[About this exercise]: Take the lines from the one with "snh48第二回総選挙_613" through the end of the material below and repeat them exactly, dropping every picture.

[Data shown]:
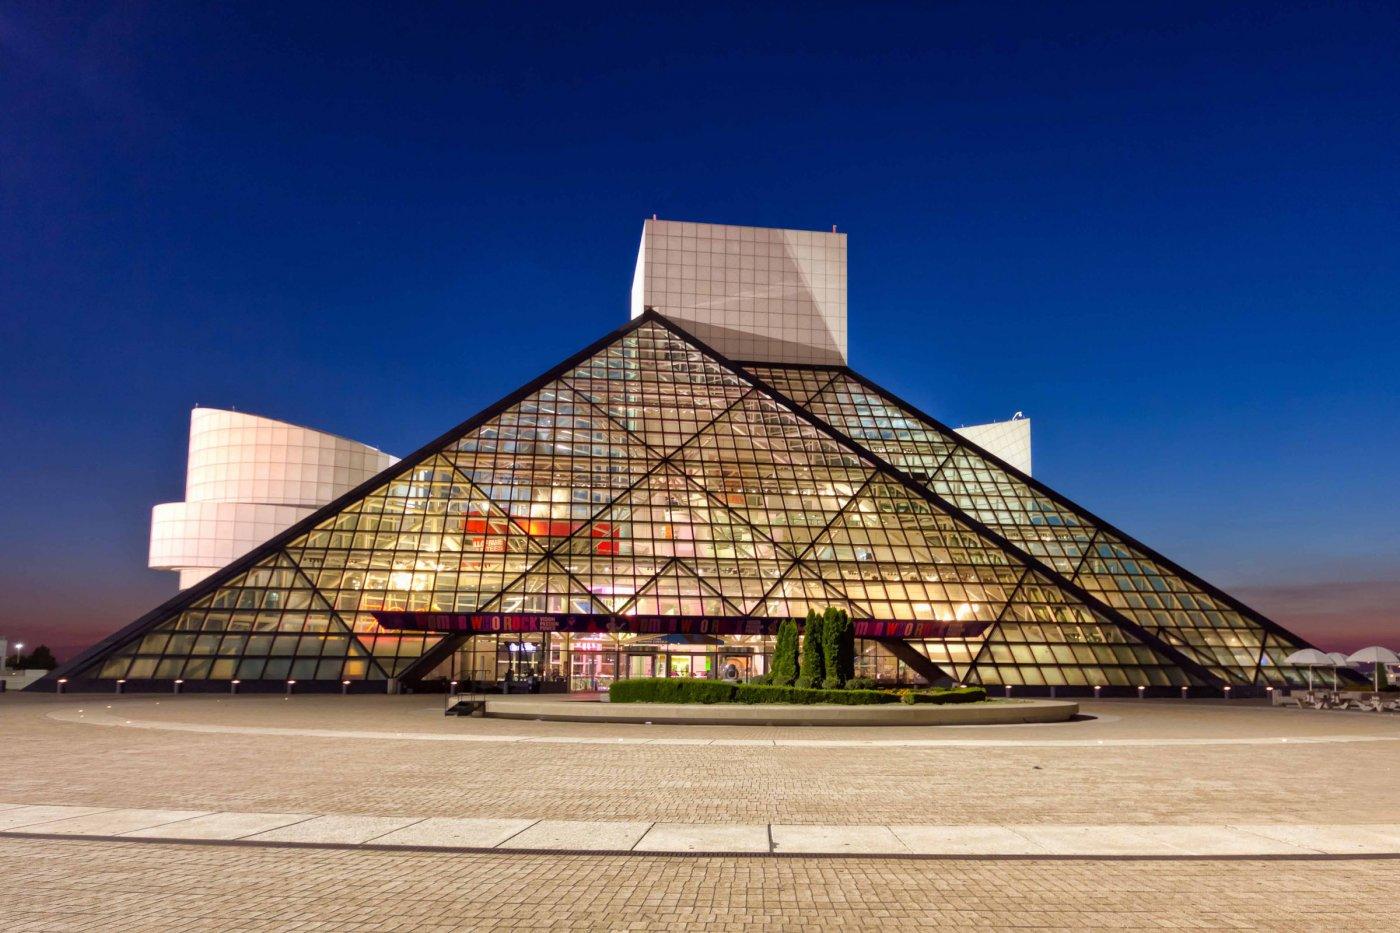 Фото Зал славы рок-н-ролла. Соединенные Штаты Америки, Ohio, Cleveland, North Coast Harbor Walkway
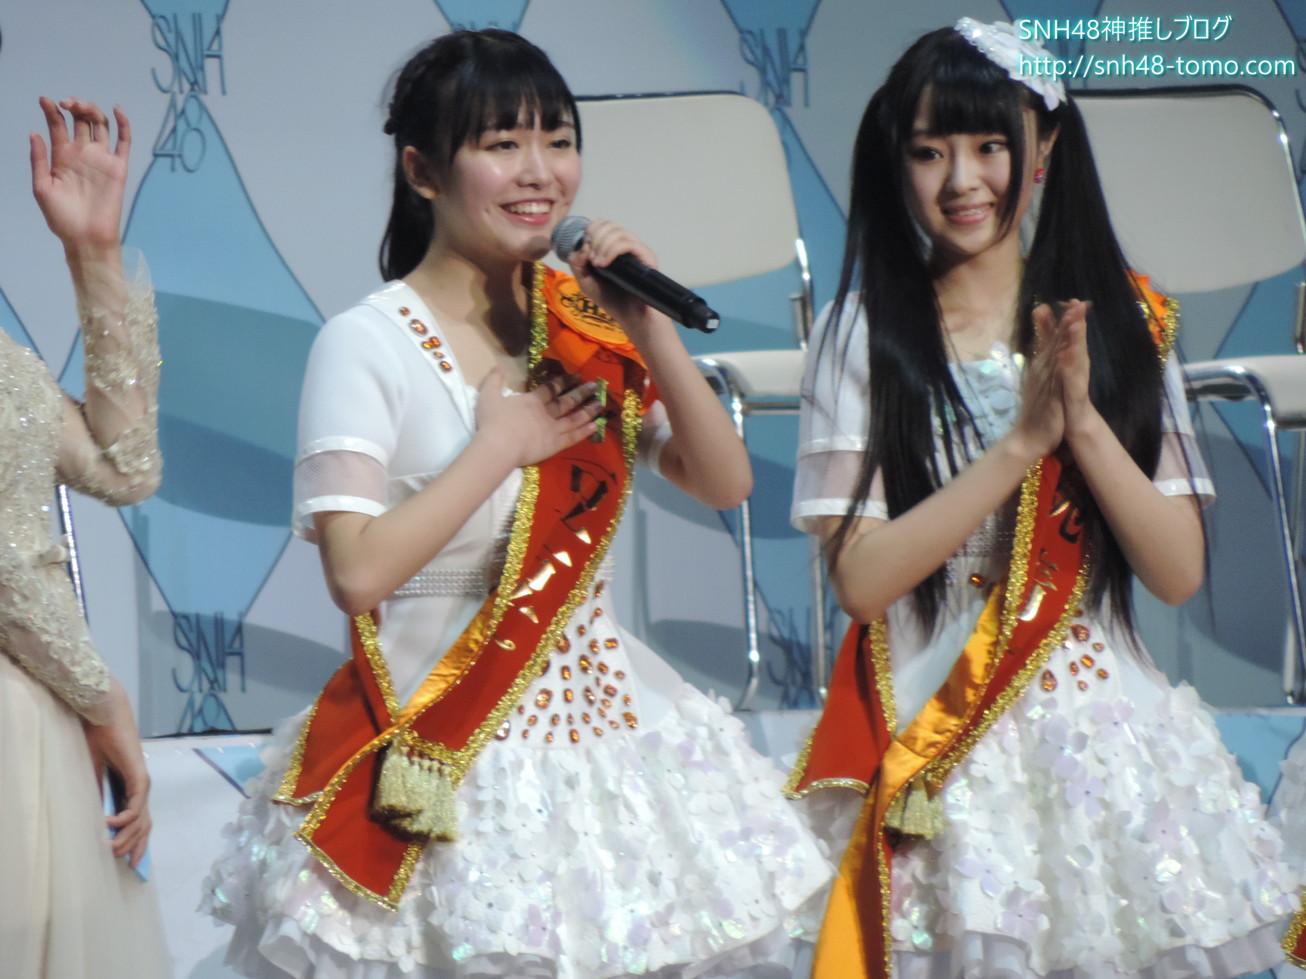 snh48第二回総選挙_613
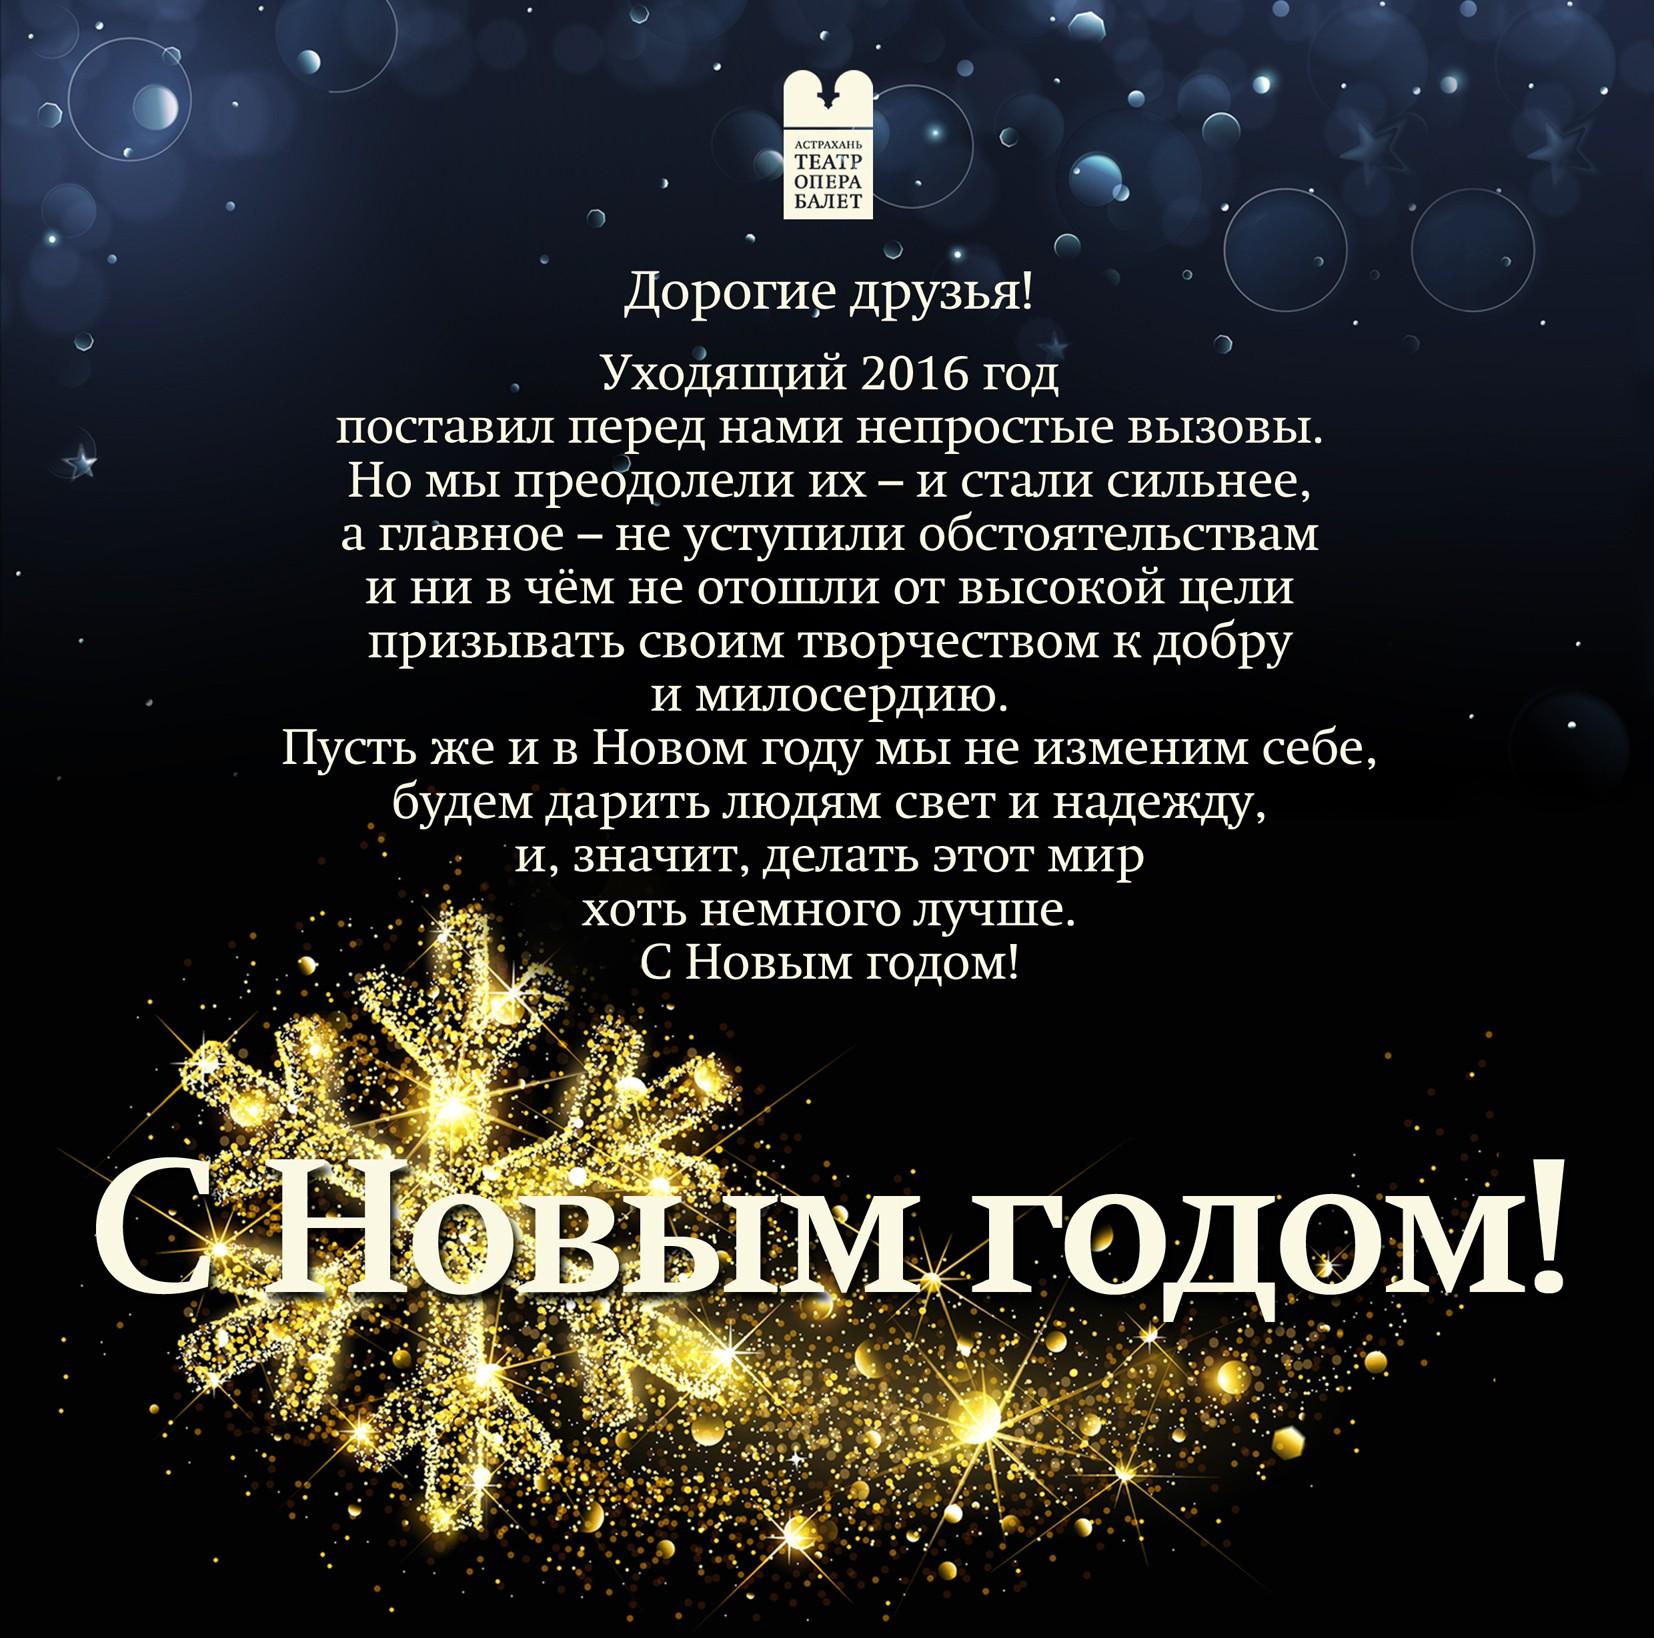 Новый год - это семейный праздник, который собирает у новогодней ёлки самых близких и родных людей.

[Solution to this task]:
 snh48第二回総選挙_613
 Новый год - это семейный праздник, который собирает у новогодней ёлки самых близких и родных людей.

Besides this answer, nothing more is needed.